Introduction
SentencePiece treats text as a raw byte stream rather than pre-tokenized words, making it truly language-independent. It trains subword vocabularies using BPE or unigram language model algorithms directly from raw text, which is why it became the default tokenizer for T5, LLaMA, Gemma, and many other LLMs.
What SentencePiece Does
- Trains subword tokenization models from raw text without pre-tokenization or language rules
- Implements both Byte-Pair Encoding (BPE) and unigram language model algorithms
- Encodes and decodes text reversibly with no information loss
- Operates on Unicode and raw bytes, supporting all languages including CJK without word boundaries
- Ships as a C++ library with Python, Java, and TensorFlow bindings
Architecture Overview
SentencePiece models are trained offline and serialized as protocol buffer files. At runtime, the encoder applies the learned merge rules (BPE) or maximum likelihood segmentation (unigram) to split input text into subword units. A sentencepiece model maps each subword to an integer ID. The decoder reverses this mapping losslessly using stored whitespace metadata.

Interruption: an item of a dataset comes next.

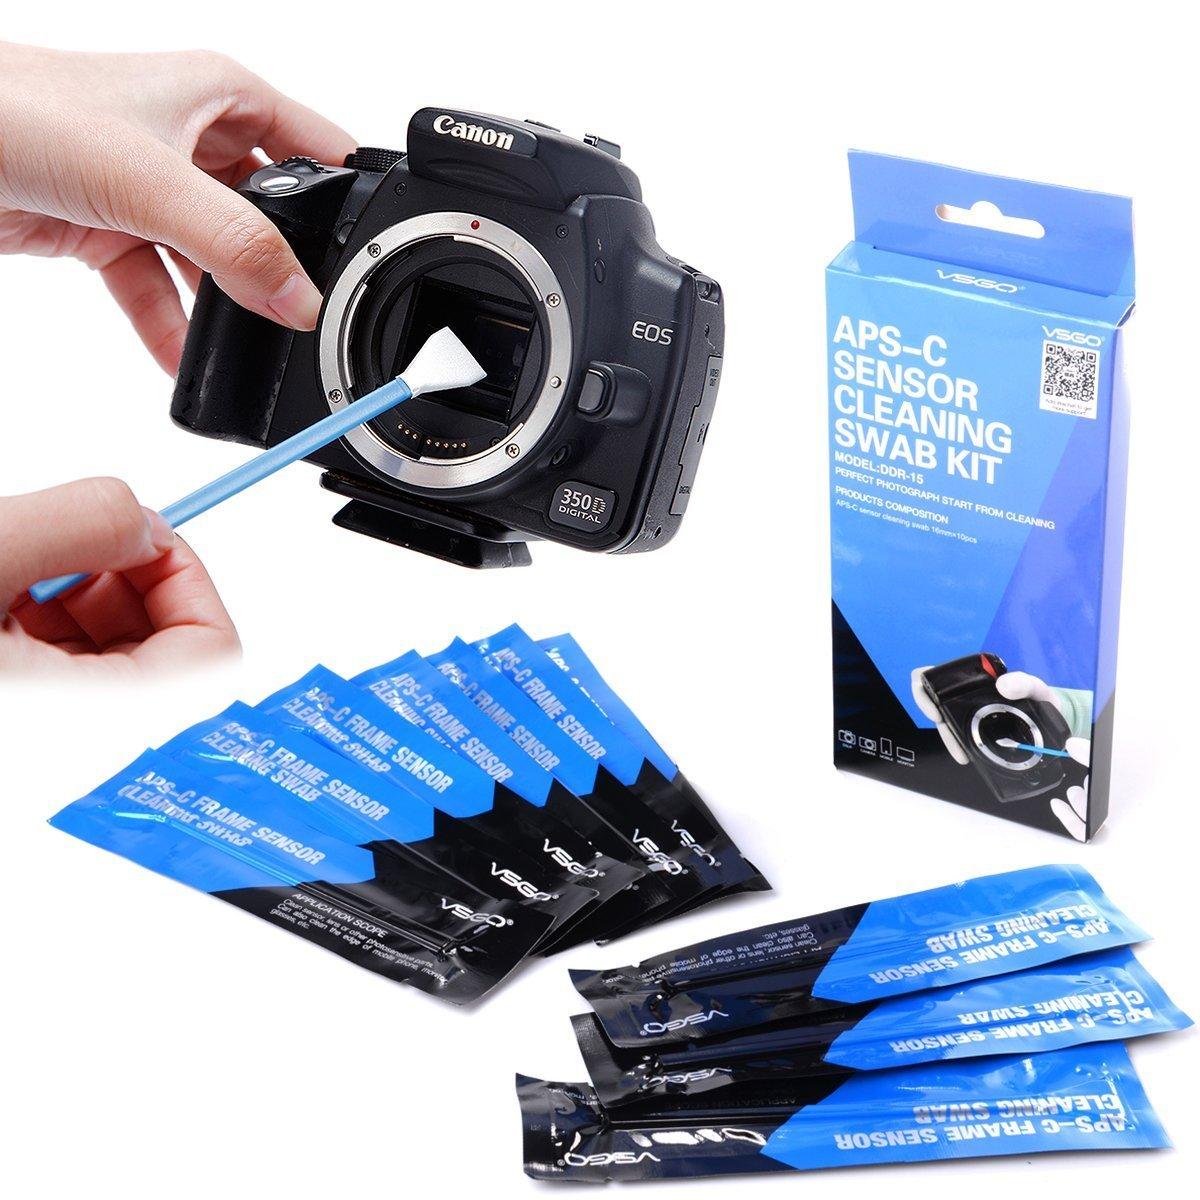 VSGO APS-C Frame (CCD/CMOS) Digital Camera Sensor Cleaning Kits (15 x 16mm Sensor Cleaning Swabs + 15ml Sensor Cleaner), Black (DDR-16S) Universal Electrical Supply Ltd VSGO DDR-16S

Self-Hosting & Configuration
- Install Python bindings: pip install sentencepiece
- Build from source for C++ embedding: cmake and make in the repository
- Train models with configurable vocab_size, model_type (bpe/unigram), and character_coverage
- Control special tokens: bos_id, eos_id, pad_id, unk_id
- Use byte_fallback=true to handle any UTF-8 character even outside the vocabulary
Key Features
- Language-agnostic: no word segmentation or normalization rules required
- Fully reversible: decode(encode(text)) == text with whitespace preserved
- Byte-fallback mode handles out-of-vocabulary characters without UNK tokens
- Fast C++ core with sub-millisecond encoding for typical sentences
- Compatible with all major ML frameworks including PyTorch, TensorFlow, and JAX
Comparison with Similar Tools
- Hugging Face Tokenizers — Rust-based with more tokenizer types and faster parallel training; SentencePiece is the reference implementation used by most LLM papers
- tiktoken — OpenAI's BPE tokenizer optimized for GPT models; SentencePiece supports unigram model and broader language coverage
- WordPiece — BERT's algorithm that requires pre-tokenization; SentencePiece works on raw text
- BPE (original) — the algorithm itself; SentencePiece wraps it with training, serialization, and multi-language support
FAQ
Q: What is the difference between BPE and unigram mode? A: BPE greedily merges frequent pairs bottom-up. Unigram starts with a large vocabulary and prunes by likelihood. Unigram often produces better subword regularization for training robustness.
Q: Why do LLMs use SentencePiece instead of word-level tokenization? A: Subword tokenization handles rare words, morphology, and multilingual text with a fixed vocabulary size, avoiding out-of-vocabulary issues.
Q: Can I add custom tokens to an existing model? A: Yes. Use the user_defined_symbols parameter during training, or modify the model proto to add tokens post-hoc.
Q: How large should my vocabulary be? A: 32,000 is common for LLMs. Smaller vocabularies (8k-16k) work for single-language applications; larger (64k-128k) help multilingual models.